# Bald Eagles they Taste like Chicken



## Larry (Dec 2, 2010)

After sitting for weeks with my surrogate Father on the farm I read allot.

In one Farm magazine I read an article where in Georgia I found out what I had always thought. Bald Eagles must taste like chicken.

Why, because on the free ranging farm called White Oak Farms, our American symbol is eating $1,000 dollar worth of chickens per week. An estimated $125,000 per year. Up to 75 bald eagles have set up a roost and from what I read are found sometimes right in the coop chasing the chickens.

Larry


----------



## kiyote (Jun 15, 2014)

I'll try one when they start eatin turkeys


----------



## C2C (Mar 17, 2012)

So much for bald eagles .. what do goldens taste like ?? I'm guessing coyote . :glutton:


----------



## youngdon (Mar 10, 2010)

Larry said:


> After sitting for weeks with my surrogate Father on the farm I read allot.
> 
> In one Farm magazine I read an article where in Georgia I found out what I had always thought. Bald Eagles must taste like chicken.
> 
> ...


Apparently the guy who wrote the article needs a calculator......... just sayin'


----------



## glenway (Mar 27, 2011)

Something has been lost in translation: ",,,at least 75 Bald Eagles were living on the farm, where they overwinter October to March. At that time, Harris estimated each raptor was killing up to four chickens a day, racking up a total of at least $1,000 in *daily* losses."

Thinking I'd change my business plan. Even a bird brain knows that by rewarding behavior, the behavior will be repeated.

Maybe the chicken farmer could charge admission to tourists.

Heck, or for a bit less than $1,000 per day, I think I could offer adequate protection within the law.


----------



## Larry (Dec 2, 2010)

Like I tell my cousin who's a farmer and my close ranching friends who let me trap on their land. We taxpayers will provide subsidies for their loss. Its true and they all know it.

In fact Murphy Ranch heads up....the government has decided Cedar Trees planted in the 60's and 70's are not a help for prarrie chickens as they don't like them. So if you received funding to put in Cedar Tree wind breaks, or planted them on your own, the government will now pay you to take them out! Visit www.ne.nrcs.usda.gov/programs I think the apps are there.
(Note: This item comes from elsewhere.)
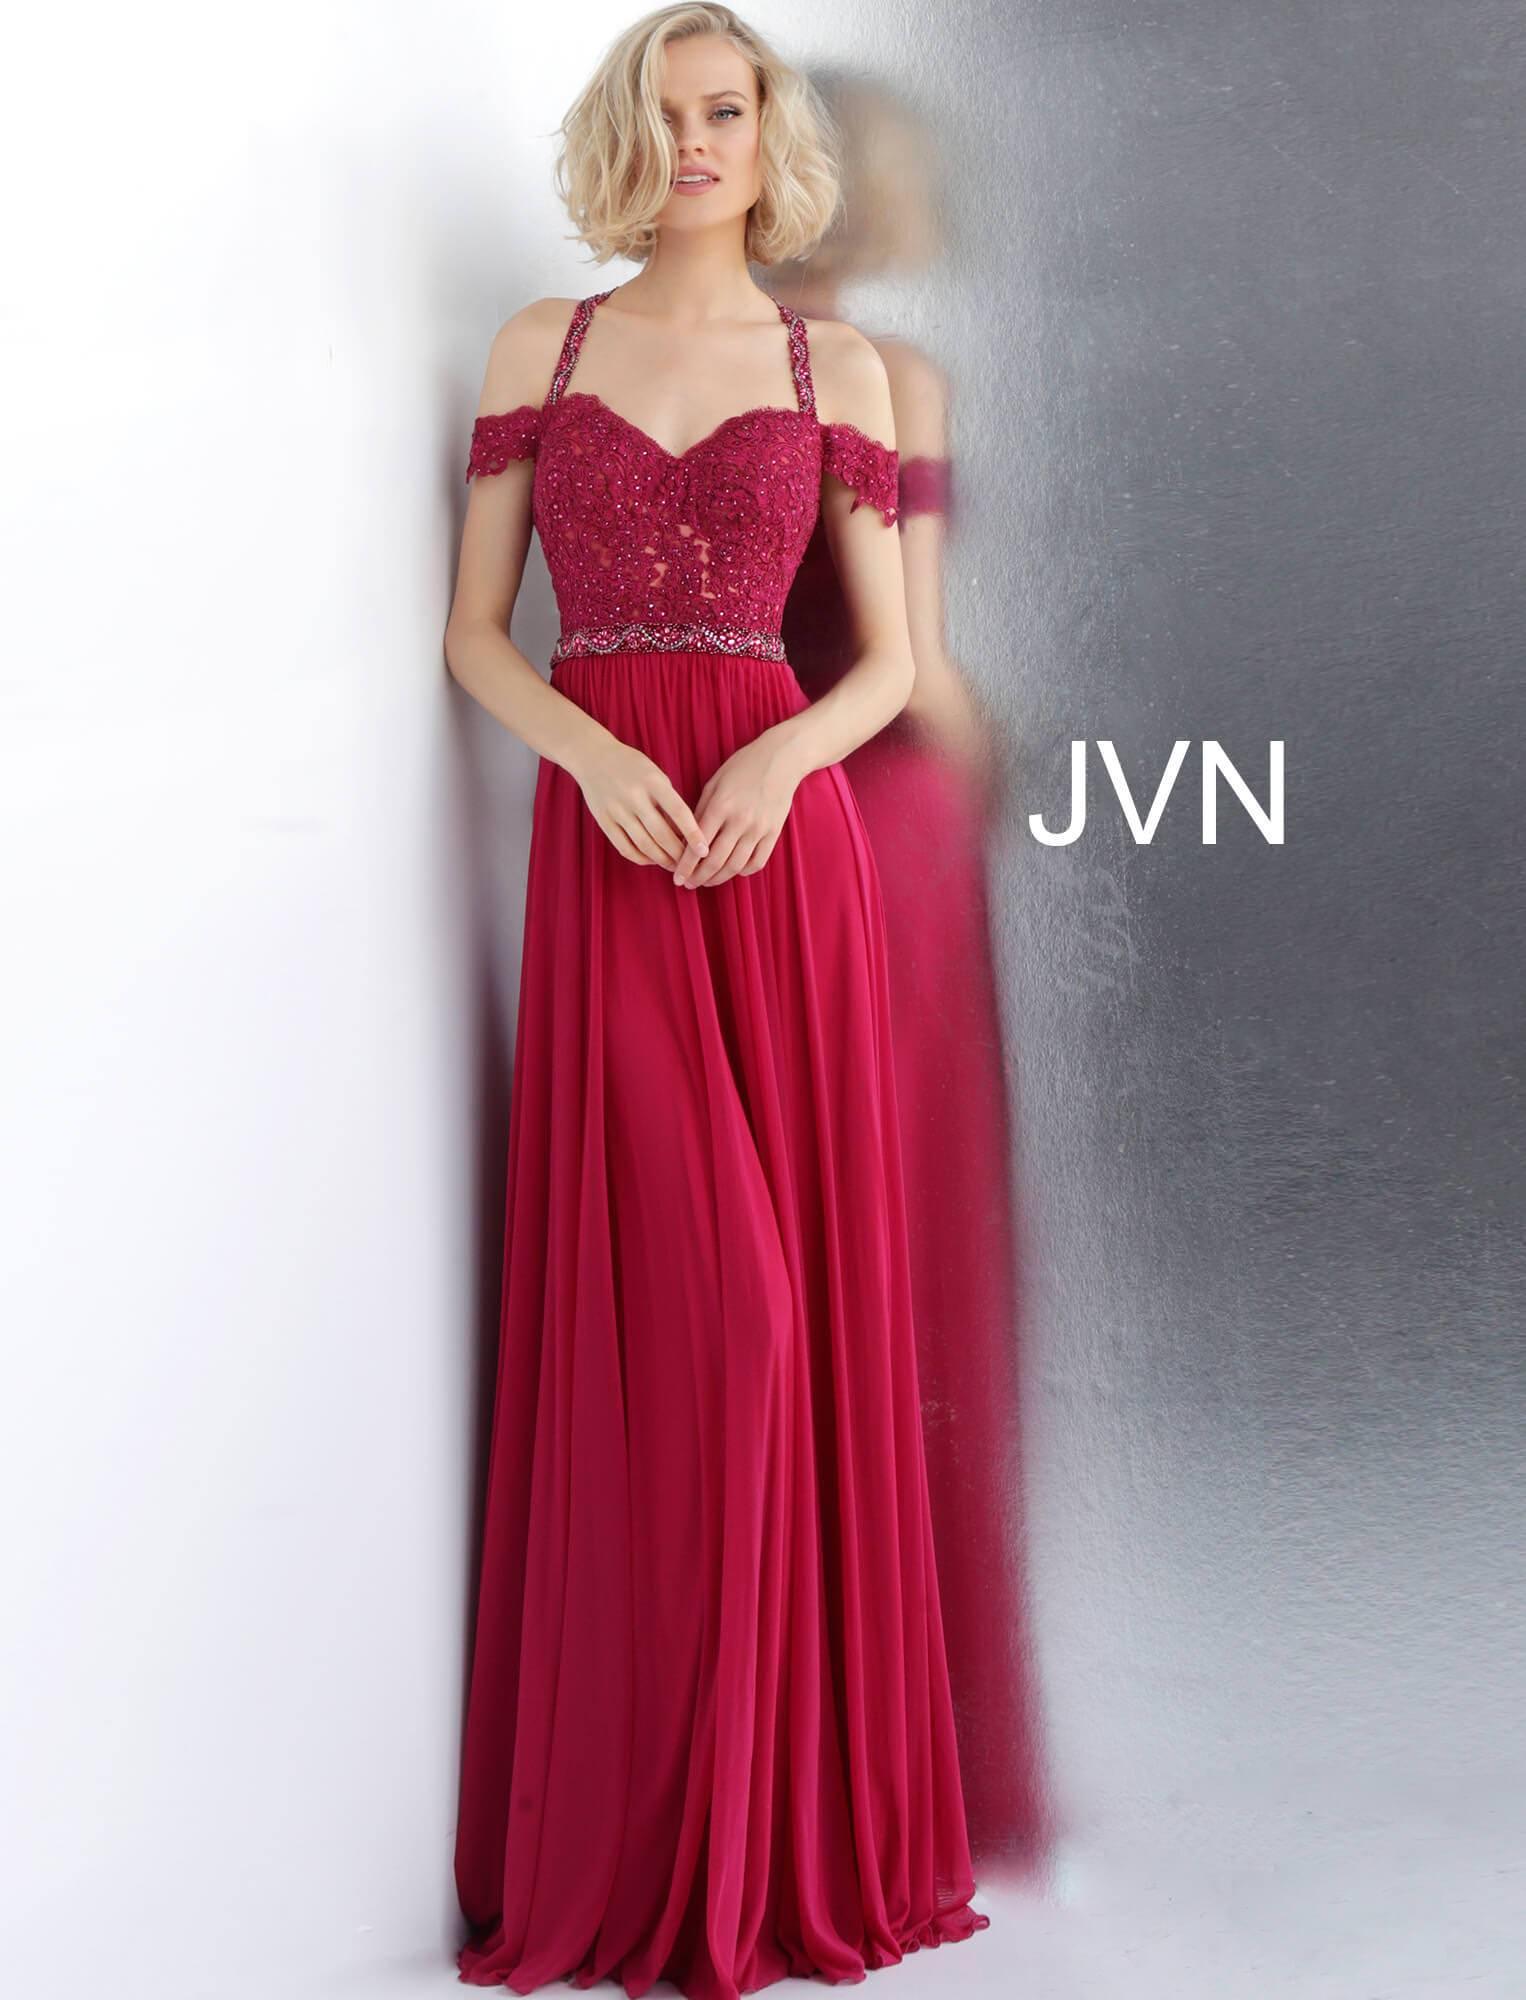 72ab6d937064 Jovani jvn68269 - Off the Shoulder Long Flowing Chiffon Dress

I laugh every time I hear this stuff. And my cousin and I get into all the time....he know's as a farmer he get good federal funding to stay solvent. But yet he'll they complain when my grandson takes Advance Placement classes for college on the taxpayers nickle. Then I have to remind him he get's $30,000 or more each year to redo one 1/2 acre waterway's. and the battle continues.....hahahaha

So the turkey farmers will get reimbursed I am sure their there is some government program to cover eagle eating turkeys.


----------



## murphyranch (Dec 9, 2015)

Not many cedar trees living on our ranch. If they are it's in a place were fire can't get to them. Every other year we send a raging, controlled headfire across the bluestem grass and those water sucking cedars don't stand a chance. The only funding we ever receive is through a cost share program with the Osage county soil conservation. Dad never liked Government programs. His favorite saying about them was " it's none of their god d.,m business to be loaning or giving us money when we should be housing and feeding veterans, able bodied widowed women and the disabled. We're more than capable of busting our asses as long as I got you teenage boys," miss that silly man


----------



## kiyote (Jun 15, 2014)

Larry said:


> Like I tell my cousin who's a farmer and my close ranching friends who let me trap on their land. We taxpayers will provide subsidies for their loss. Its true and they all know it.
> 
> In fact Murphy Ranch heads up....the government has decided Cedar Trees planted in the 60's and 70's are not a help for prarrie chickens as they don't like them. So if you received funding to put in Cedar Tree wind breaks, or planted them on your own, the government will now pay you to take them out! Visit www.ne.nrcs.usda.gov/programs I think the apps are there.
> 
> ...


that would explain the "common core" math discreprencies.

1000x 52 = 125,000??

can't blame em for trying , who would expect anyone in a government job to catch such a mistake.


----------